That's easy. And moreover, its a bigger threat. With a Huawei phone, the Chinese government has control over everything from the processor to the userspace software. With a small piece of silicon in a fab, the threat surface is much smaller; they'd have to sneak it in against Apple's will, past all of Apple's American-loyal QA.
In the software world, we tend to think about security as an absolute, because computer logic is absolute. In the real world, security is probabilities. How can you minimize the chance of breach while minimizing costs.
>What doesn't add up is that, in the real world, you can't protect against every threat model. Its their job to protect the best they can.
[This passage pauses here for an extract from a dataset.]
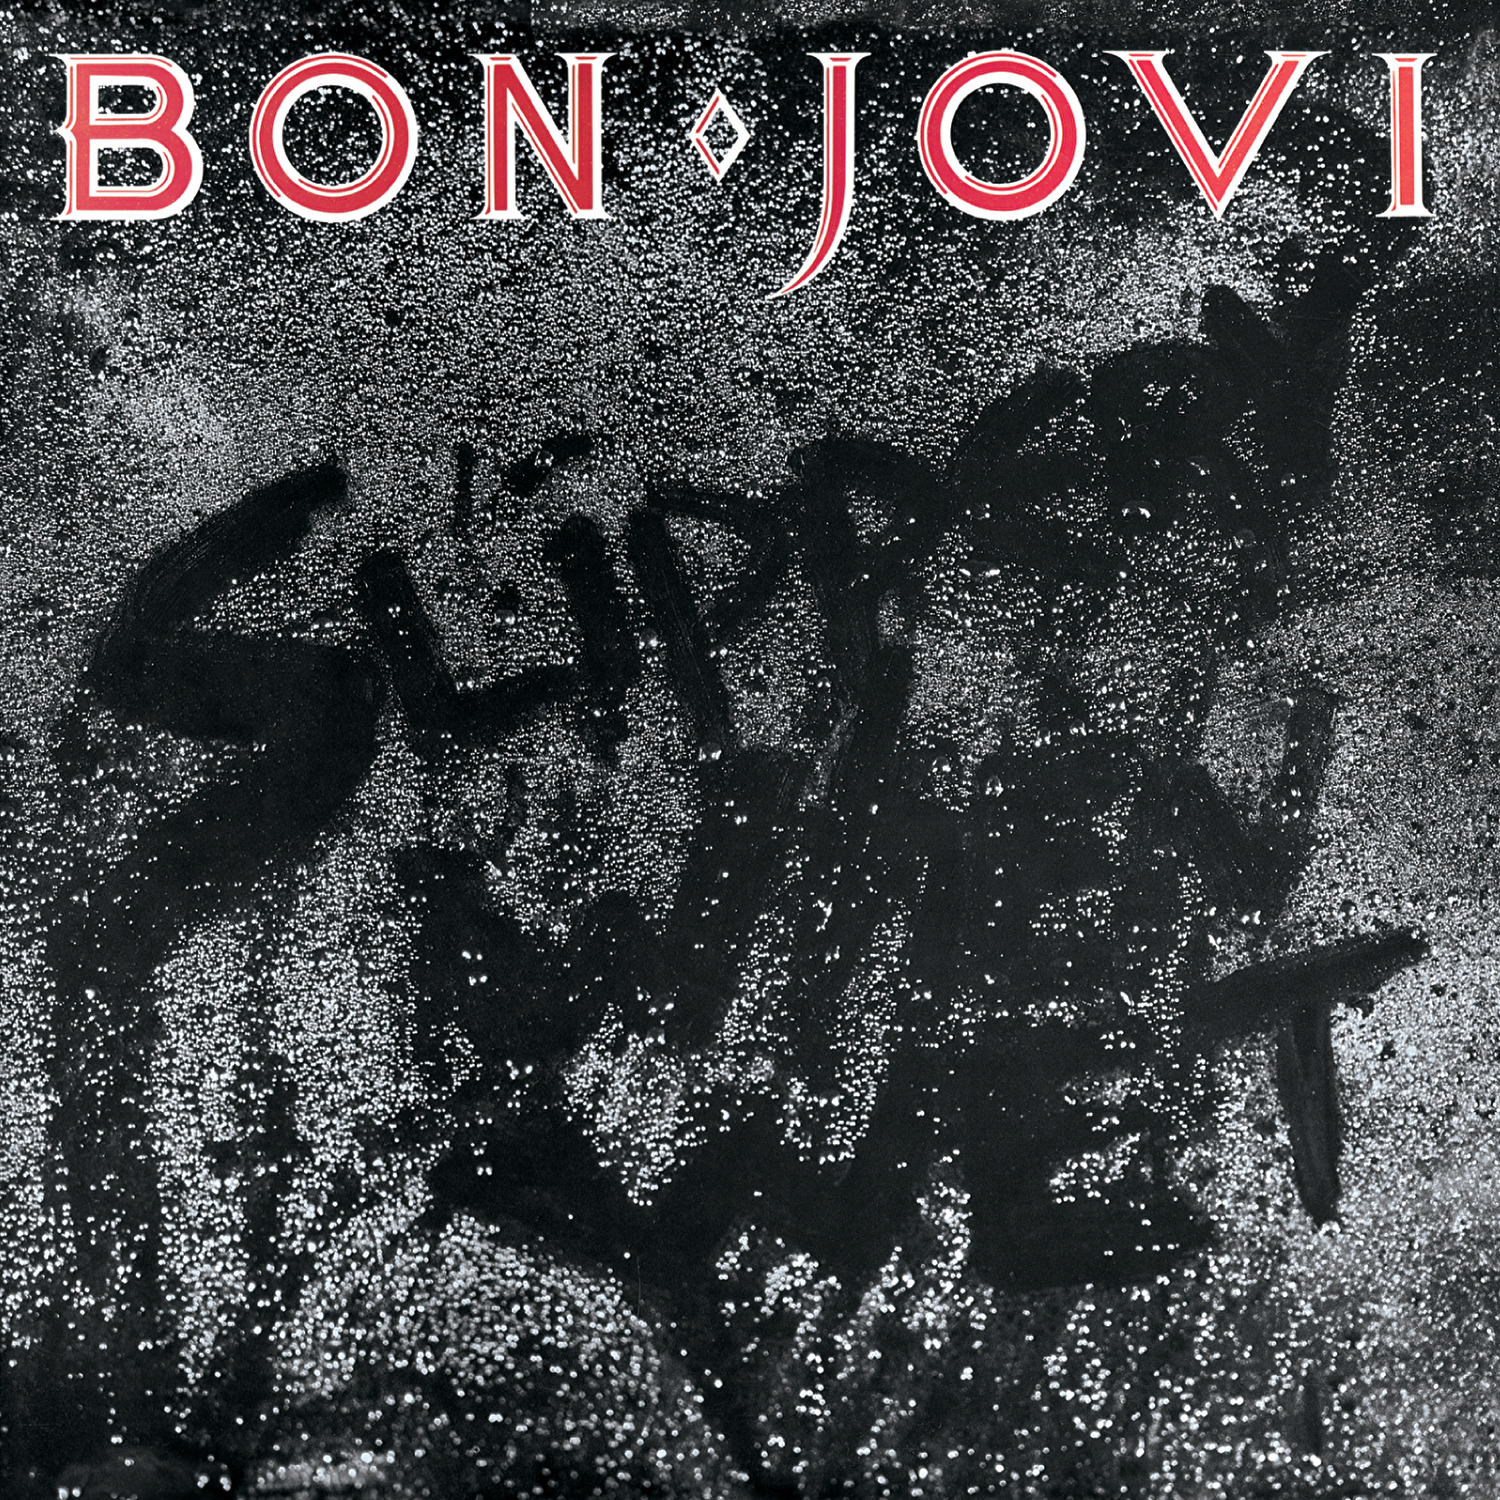 Imagem da arte de capa do disco Slippery When Wet do Bon Jovi. A arte consiste na fotografia de um saco de lixo preto molhado em que o título do álbum pode ser lido. Na parte superior, em letras vermelhas com bordas brancas está o nome da banda de rock.

They can't tell Apple to stop building their phones in China, but they can simply say "Don't buy Huawei".
If the 'threat' was real, that makes as much sense as hardening one door in your house, when you have 4 other doors because "you can't protect against every threat model".
No. It makes as much sense as securing the 4 doors because that's a relatively cost efficient way to implement basic security. But let's avoid strengthening all the walls with a titanium alloy to protect us when the threat brings a bulldozer to get in. That's expensive.
Asking Apple to manufacturer their phones outside of the US is a highly expensive action.
And the pictures of NSA employees opening parcels to modify the hardware before it gets shipped to certain targets immediatly comes to my mind.
That being said if you don’t control the software, modifying manually a handful of devices doesn’t scale. If you modify all of them the chance that you will be spotted is very high. If you control the software and it is encrypted / not readable, you can backdoor all devices of a whole country. So I can see how it is a step up in term of threat level.
If Huawei and ZTE put in back doors, and the CIA/FBI/NSA wants into your phone, then you'd expect they would want you to have a Huawei phone. After all, as oft repeated here, a backdoor is accessible to anybody, no matter who it was put in for.
Not necessarily. If there is a hardware vulnerability specified by the Chinese government, the NSA would not want you to use that phone. They'd rather keep China from having the easy option and then compromise your info another way (that presumably makes it more difficult for China to get your info).
Samsung is South Korean, a US ally and SIGINT partner. Modify the argument to, "the government is saying not to use any phones that are not from the US or its puppet states."
Are Huawei and ZTE the only phone manufacturers from a non-SIGINT partner state? That doesn't seem correct. Hell, https://en.wikipedia.org/wiki/List_of_mobile_phone_makers_by... lists 29 different mobile phone makers in China, 2 of which are Huawei and ZTE, one of which is a subsidiary, leaving 26 independent manufacturers. But the government isn't telling us not to buy e.g. a Xiaomi phone.
How about Xiaomi? Wikipedia says that as of 2017 they're the world's 5th largest smartphone company. I don't know how popular their products are in the US, but I have at least heard of them before (which is more than I can say for ZTE).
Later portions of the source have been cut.